From what I have read, it seemed like the consensus was to import (COPY)
the new data into a temporary table and then work on the inserts and
updates from there.  I also read some suggestions involving triggers ...
which way would be best given my dataset?  I've thought about doing it
in application space (Perl) by querying out all the rows that need to be
updated, deleting said rows, dropping the indexes, and then doing a bulk
COPY of any new rows plus the modified old rows ... does this sound like
a good/bad idea?

Some other basic questions:

-Should I drop and recreate the indexes anytime, given that the updates
and selects will use them extensively to find matching rows in the
existing flow table?  Perhaps create a new index on (source_ip, dest_ip)?

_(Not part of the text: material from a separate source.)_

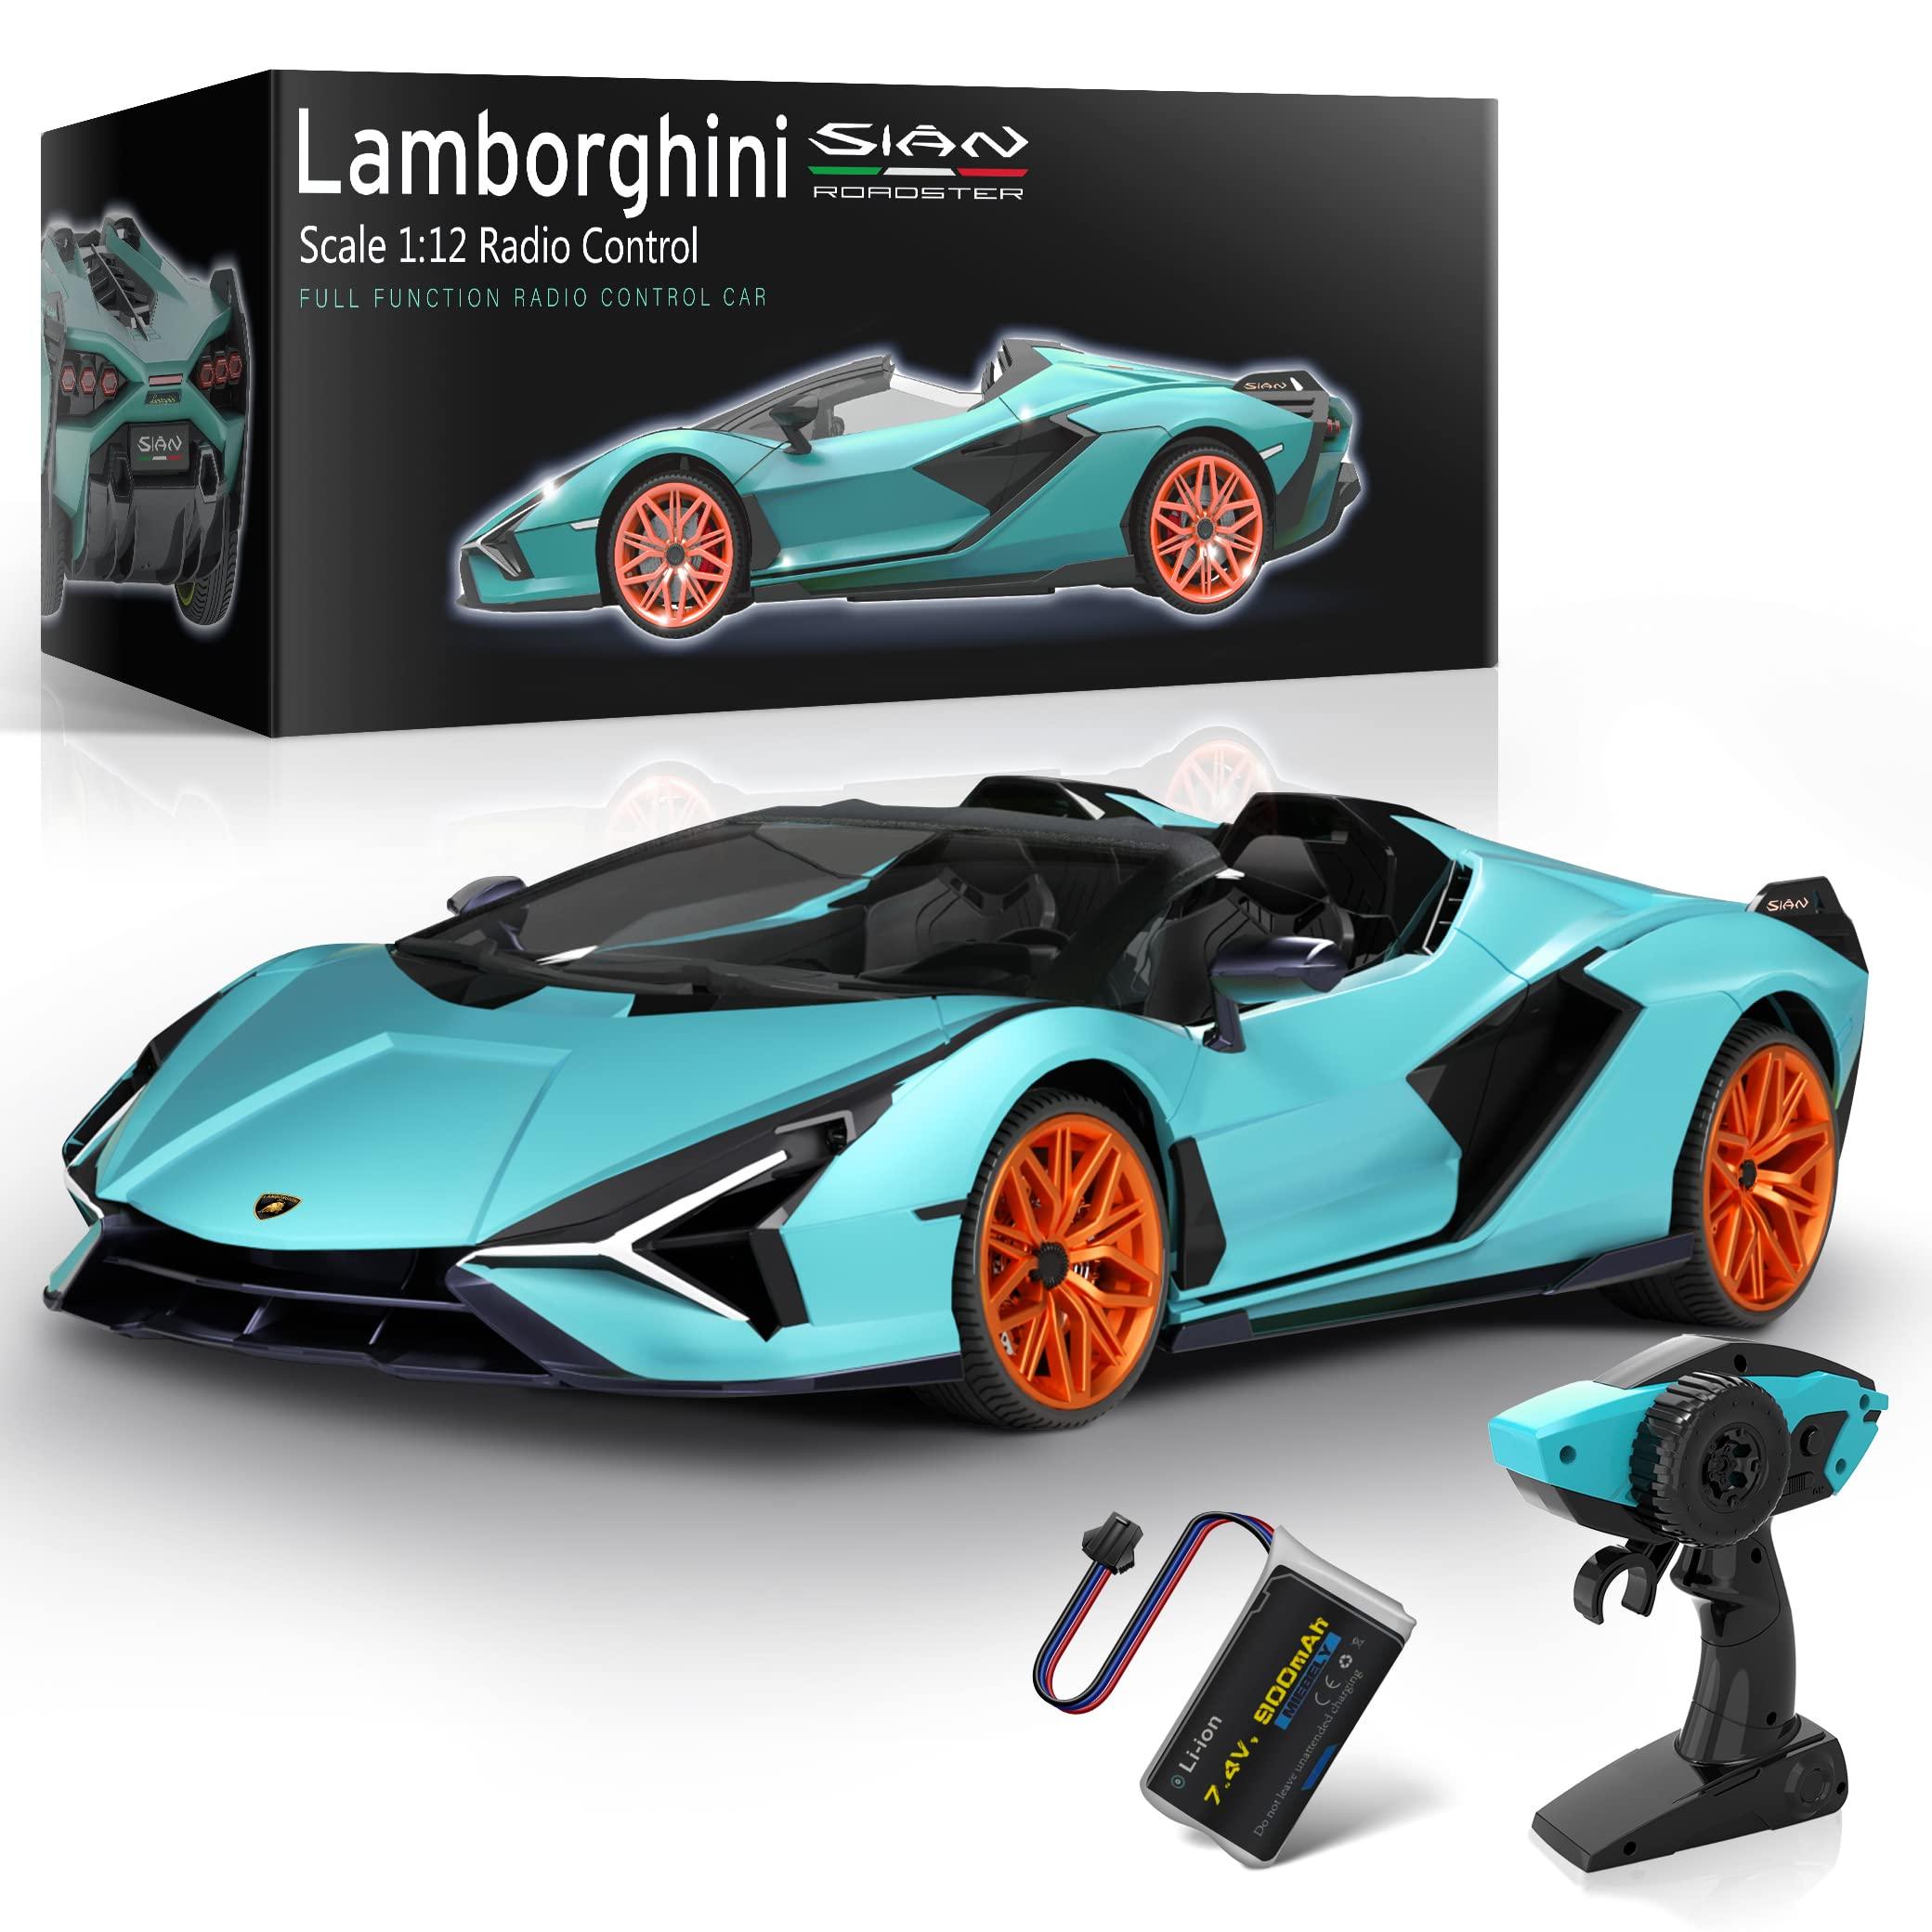 Rc 1/12: Finding the Right RC 1/12 Car for You

-What do you think of the schema for storing network flow data
considering that I'm only storing single IPs and I do need the comment
field?  Is the INET data type the best thing to use here (12 bytes, I
think), or should I use my application to convert my IPs to "INTEGER"
equivalents (4 bytes)?  Perhaps create a new Postgres data type?
Although I have another table which actually uses INET networks, and I'd
like to be able to join the two, so a new data type might be more work
than I initially though (although I'm up for it) :)

-How many rows at a time can I practically insert with the COPY
command?  I've read about people doing millions, but is that realistic,
or should I break my load into X-record chunks/transactions?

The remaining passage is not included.